Personally, I'm really liking the look of the 3900x.


----------



## R0H1T (May 27, 2019)

Metroid said:


> 12 cores and not 5 ghz at $499, no 16 cores, milking time for amd


Considering the competition has less cores & less IPC, though higher clocks, I can't see who's AMD milking?


----------



## Xzibit (May 27, 2019)

Same MSRP as 2700X -> 3700X



KainXS said:


> I'm guessing they did not need the 16 core part with Intels current fails but the 12 core still looks delicious.



Remember the Intel Roadmap leaked from Dell presentation only shows Intel moving to a 10c.  Intel has their presentation in 26hrs. We'll see then if anything new is shown.


----------



## erocker (May 27, 2019)

CPU's are impressive! Kind of lost hope in replacing my GTX 1080 with an AMD card this year unfortunately.


----------



## Metroid (May 27, 2019)

Xzibit said:


> Same MSRP as 2700X -> 3700X
> Remember the Intel Roadmap leaked from Dell presentation only shows Intel moving to a 10c.  Intel has their presentation in 26hrs. We'll see then if anything new is shown.



If Intel does not come with a 12  or 16 cores in future amd will be like Intel has been past few years, milking the bullshit. I knew they would back down this time, they have the perfect time to let the hype train die with 12 cores. I would not buy the 16 cores but I really wanted amd to deliver, i guess i was an overhoper fool. TDP review might have been the case here but if that is true then amd will never launch 16 cores on 7nm.


----------



## chaosmassive (May 27, 2019)

TheGuruStud said:


> Don't worry, you can get the 9900KS at 300W for 5 ghz


I just get FX 9590 flashback, oh god



erocker said:


> CPU's are impressive! Kind of lost hope in replacing my GTX 1080 with an AMD card this year unfortunately.


arent we all excited for AMD CPU only? as its common knowledge that AMD no longer fight Nvidia at flagship grade GPU since RX 400 series


----------



## TheGuruStud (May 27, 2019)

R0H1T said:


> Considering the competition has less cores & less IPC, though higher clocks, I can't see who's AMD milking?



He's just mad he's bent over for intel all these years and can't handle the AMD value. $850 bucks for 7900x that's going to be rofl stomped vs $500 3900x. He's panicking.


----------



## Mussels (May 27, 2019)

What stands out to me is the wattage difference from 3700x to 3800x, 65W to 105W for only 300Mhz more base clock
Is this just where the power creep sets in (3.5GHz) and it becomes less cost effective to clock up, or is there something else behind the wattage increase? (better turbos, etc)
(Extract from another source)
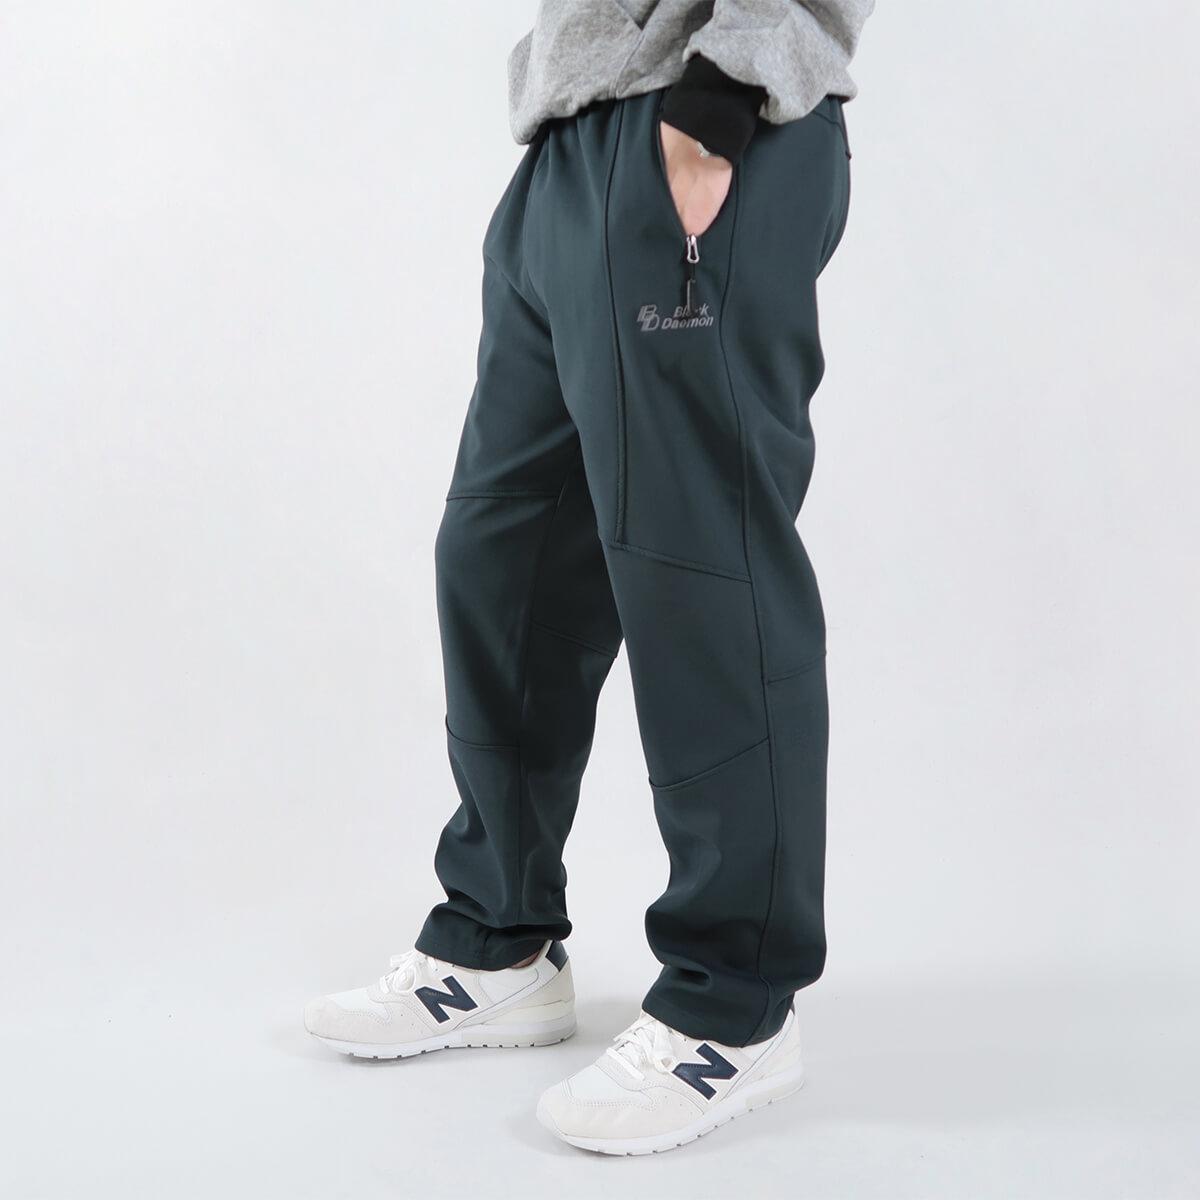 保暖厚刷毛軟殼褲 防風防潑水透氣保暖衝鋒褲 保暖褲 內裡刷毛褲 休閒長褲 黑色長褲 WARM THICK FLEECE LINED SOFTSHELL PANTS OUTDOOR PANTS (321-356-08)深藍色、(321-356-21)黑色、(321-356-22)藍綠色 腰圍M L XL 2L(28~40英吋) [實體店面保障] sun-e 5

3700x looks like a low wattage power house for gamers


----------



## EarthDog (May 27, 2019)

These look to be solid CPUs!

So...... what did Adored say versus what came out?

Is anyone else happy we didn't see a 16c/32t part on mainstream? hehe!


----------



## Hellfire (May 27, 2019)

Mussels said:


> What stands out to me is the wattage difference from 3700x to 3800x, 65W to 105W for only 300Mhz more base clock
> Is this just where the power creep sets in (3.5GHz) and it becomes less cost effective to clock up, or is there something else behind the wattage increase? (better turbos, etc)
> 
> 3700x looks like a low wattage power house for gamers



For the speed, wattage and price it's s very impressive CPU, if that's their entry level example too, no more 4/6 cores?


----------



## R0H1T (May 27, 2019)

Mussels said:


> What stands out to me is the wattage difference from 3700x to 3800x, 65W to 105W for only 300Mhz more base clock


Higher base clock & higher all core turbo.


----------



## Hellfire (May 27, 2019)

EarthDog said:


> These look to be solid CPUs!
> 
> So...... what did Adored say versus what came out?
> 
> Is anyone else happy we didn't see a 16c/32t part on mainstream? hehe!



As mostly a gamer, I don't see what 16c/32t would have offered me, I'm pretty happy with what was announced, I'm sure higher speed chips will come soon ie 3950x etc but not too fussed for the 16c right now.


----------



## ViperXTR (May 27, 2019)

R5 3600 where? My target cpu, hopefullly an RX 5800 as well


----------



## TheGuruStud (May 27, 2019)

Mussels said:


> What stands out to me is the wattage difference from 3700x to 3800x, 65W to 105W for only 300Mhz more base clock
> Is this just where the power creep sets in (3.5GHz) and it becomes less cost effective to clock up, or is there something else behind the wattage increase? (better turbos, etc)
> 
> 3700x looks like a low wattage power house for gamers



Probably like the previous gen. All core boost is -200 from single core boost on 2700x and 65W tdp chip only goes to +200 over base.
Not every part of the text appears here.